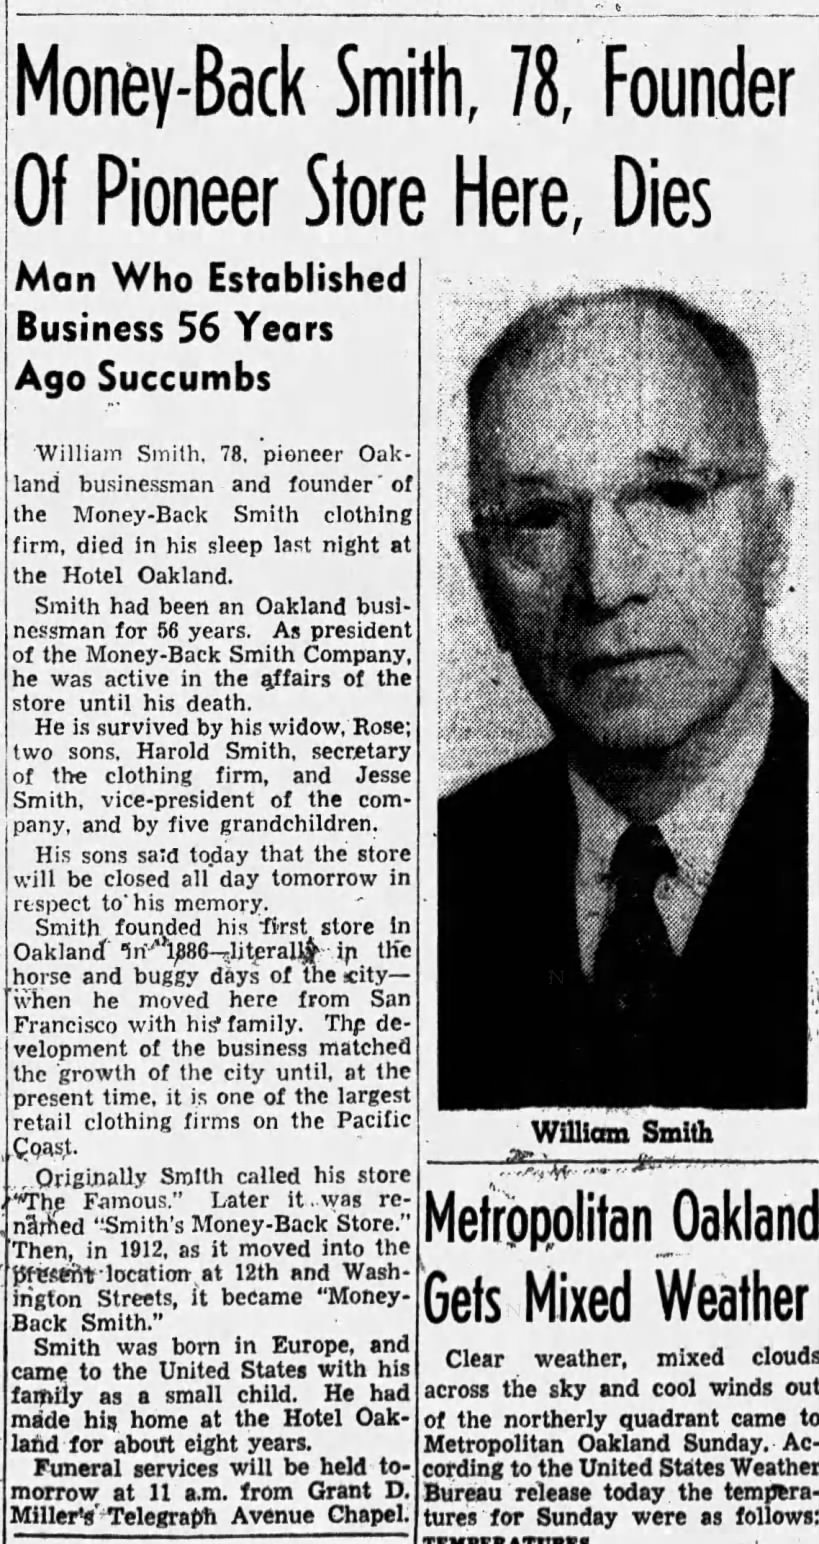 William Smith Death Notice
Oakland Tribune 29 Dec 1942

==

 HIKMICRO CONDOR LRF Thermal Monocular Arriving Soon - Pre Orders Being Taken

* * *

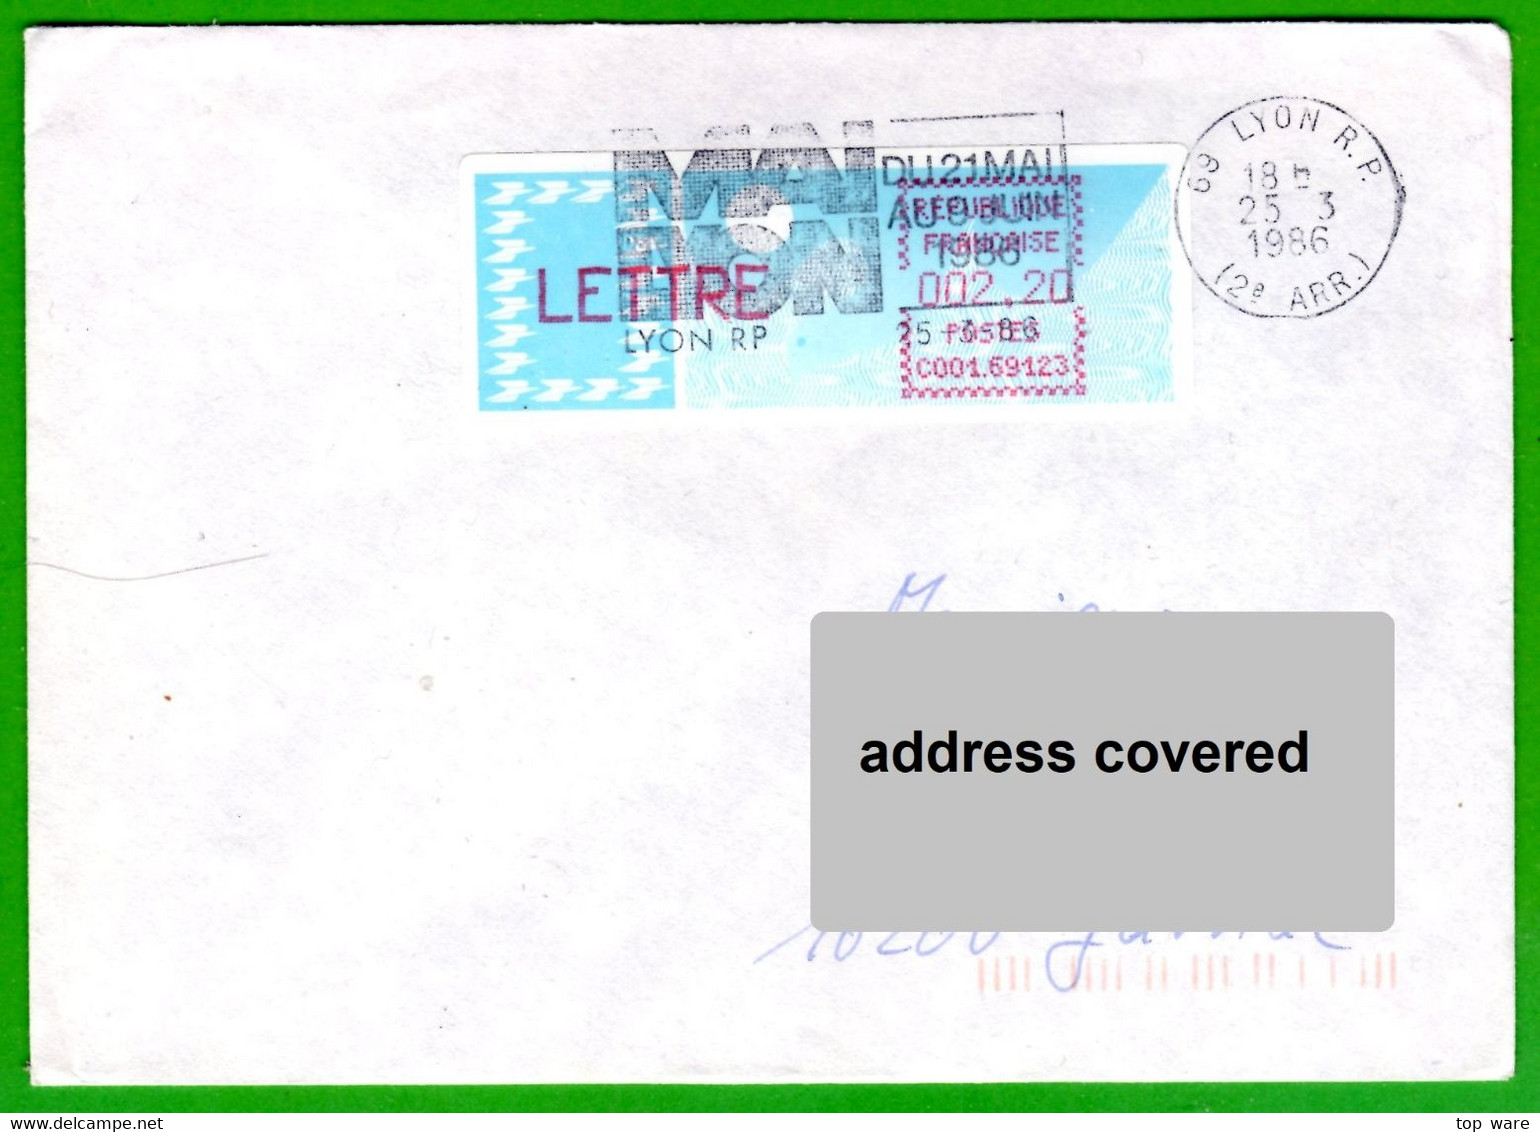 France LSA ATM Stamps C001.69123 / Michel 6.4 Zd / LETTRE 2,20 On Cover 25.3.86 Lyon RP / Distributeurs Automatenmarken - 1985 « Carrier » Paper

_PROBLEM_
In the records above, find the line with "William Smith Death Notice" and the line with "Oakland Tribune 29 Dec 1942", then restate word for word only those two lines and all lines between, omitting pictures.

_EXPECTED ANSWER_
 William Smith Death Notice
Oakland Tribune 29 Dec 1942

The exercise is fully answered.